At 298K, cracks also grew steadily with increased N at any f in the range of 10-0.2 Hz indicating growth rate inversion with respect to f (at this temperature, maximum growth rate emerged at 1Hz) for SWRM10, but the growth rate tended to increase monotonically with decreasing f in the range of 10〜0.3 Hz for SWRH42A. While not shown in the figure, a similar trend was observed at 288K (growth rate maximum at f = 0.7 Hz in the range of 10〜0.2 Hz for AWRM10, and f = 0.5 Hz in the range of 10〜0.3 Hz for SWRH42A).
Figure 5 plots the observed aspect ratio against crack depth in 298K seawater for both specimens. As can be seen, with increasing crack depth, the semi-elliptical crack surface geometry approached a semicircular shape. It was also noticed that there was no significant f dependence of aspect ratio in seawater in the range of f = 0.15〜10 Hz for SWRM10, and f = 0.3〜10 Hz for SWRH42A. There was no temperature dependence of aspect ratio in seawater, and aspect ratio vs. crack depth relationships at any other temperature examined were virtually identical to that at 298K, exhibited in Figure 5.
Figure 6 plots the dl/dN vs. Δ K relations in air at f = 10 Hz determined for SWRM10 and SWRH42A from the crack growth curve in Figure 3. As can be seen, dl/dN was higher for SWRH42A than for SWRM10 in the higher Δ K region, but they were indistinguishable in the lower Δ K region, indicating that the crack growth behavior was virtually the same for the both specimens in the low Δ K range.

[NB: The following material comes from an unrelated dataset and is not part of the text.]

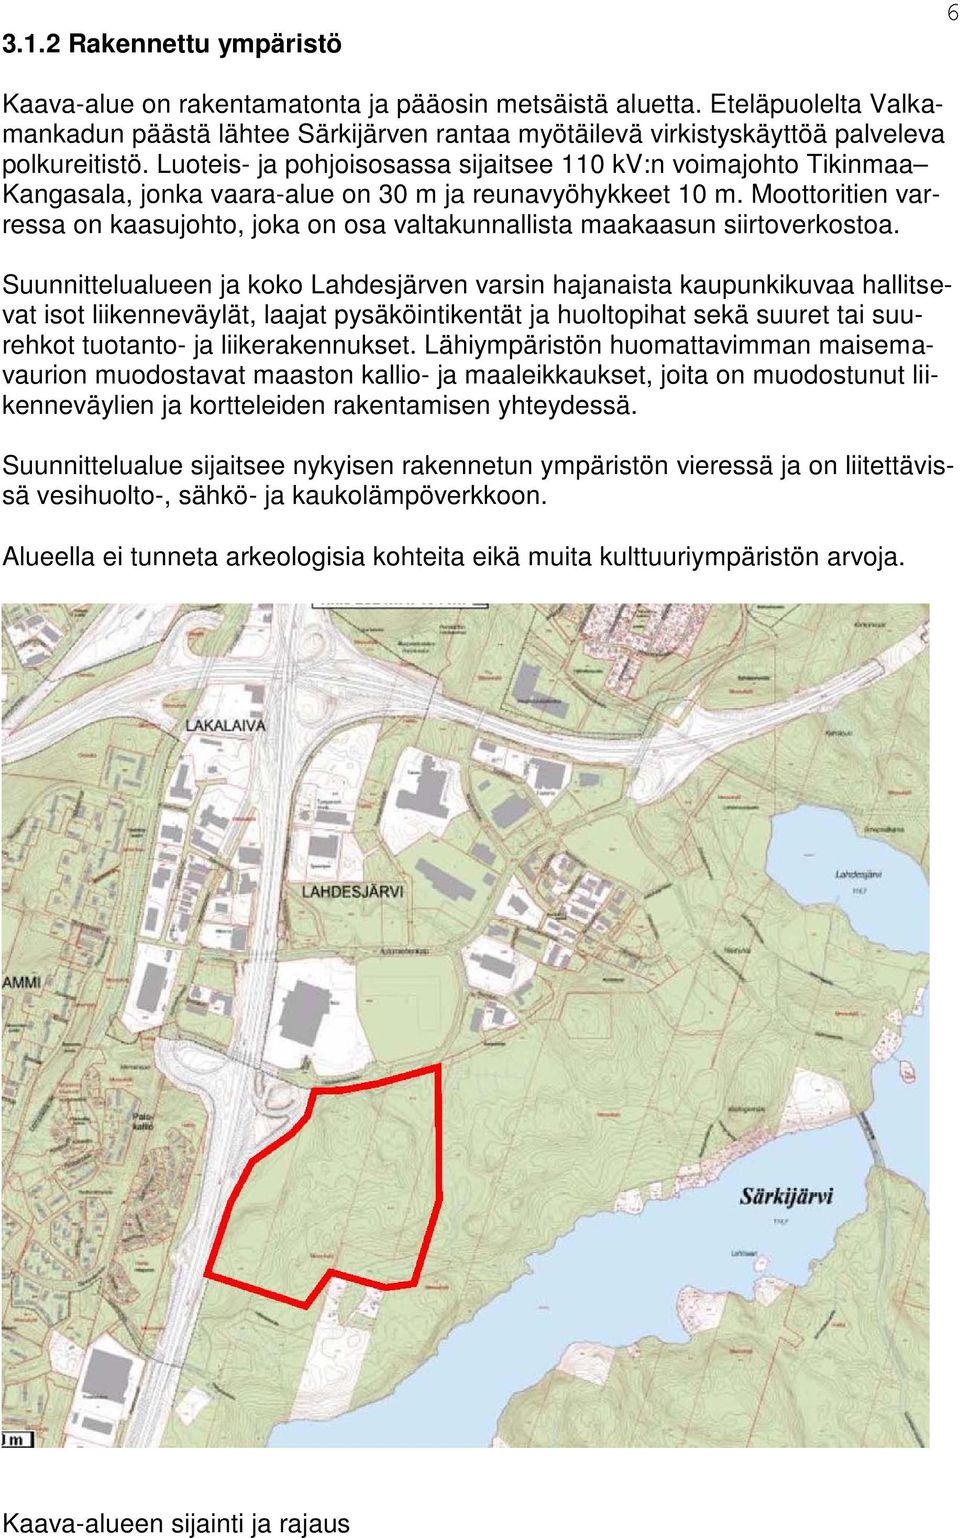 Luoteis- ja pohjoisosassa sijaitsee 110 kv:n voimajohto Tikinmaa Kangasala, jonka vaara-alue on 30 m ja reunavyöhykkeet 10 m.

Similarly, the results concerning crack growth behavior in air showed that the crack growth rate was about the same in all the specimens: mild steel 41 and high-tensile-strength steel SB 50B [4] ; five steels, including SM50B, S45C, and HT80 [5] ; mild steel A36 and low-alloy high-tensile-strength alloy A588 [6] ; S15C, S35C, andS45C [7].

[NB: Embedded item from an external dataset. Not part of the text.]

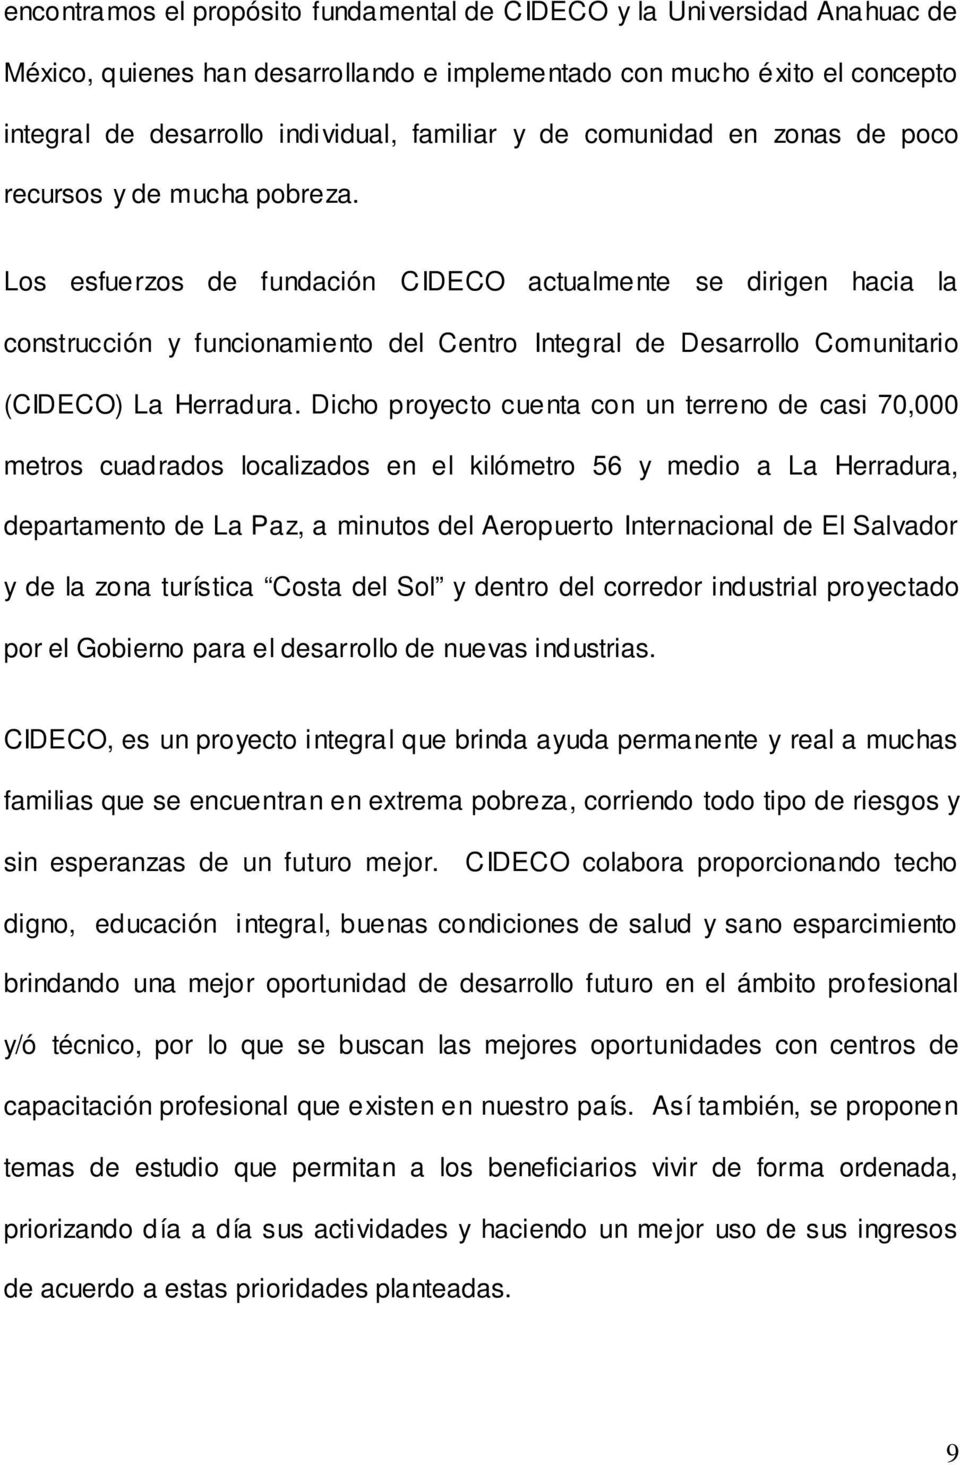 Los esfuerzos de fundación CIDECO actualmente se dirigen hacia la construcción y funcionamiento del Centro Integral de Desarrollo Comunitario (CIDECO) La Herradura.

Figure 7 summarizes the dl/dN vs. Δ K relations observed in seawater at 298K as determined from the crack growth curves shown in Figure 4. There was a certain range of Δ K in which dl/dN varied linearly with Δ K in air and seawater, demonstrating the validity of the Paris rule in accordance with the available reports [8-10]. When compared in the range of validity of the Paris rule, dl/dN in seawater was greater than that in air. This trend seemed to be most pronounced in the low Δ K range. Similar trend was observed under other examined temperatures, but the results are not presented here.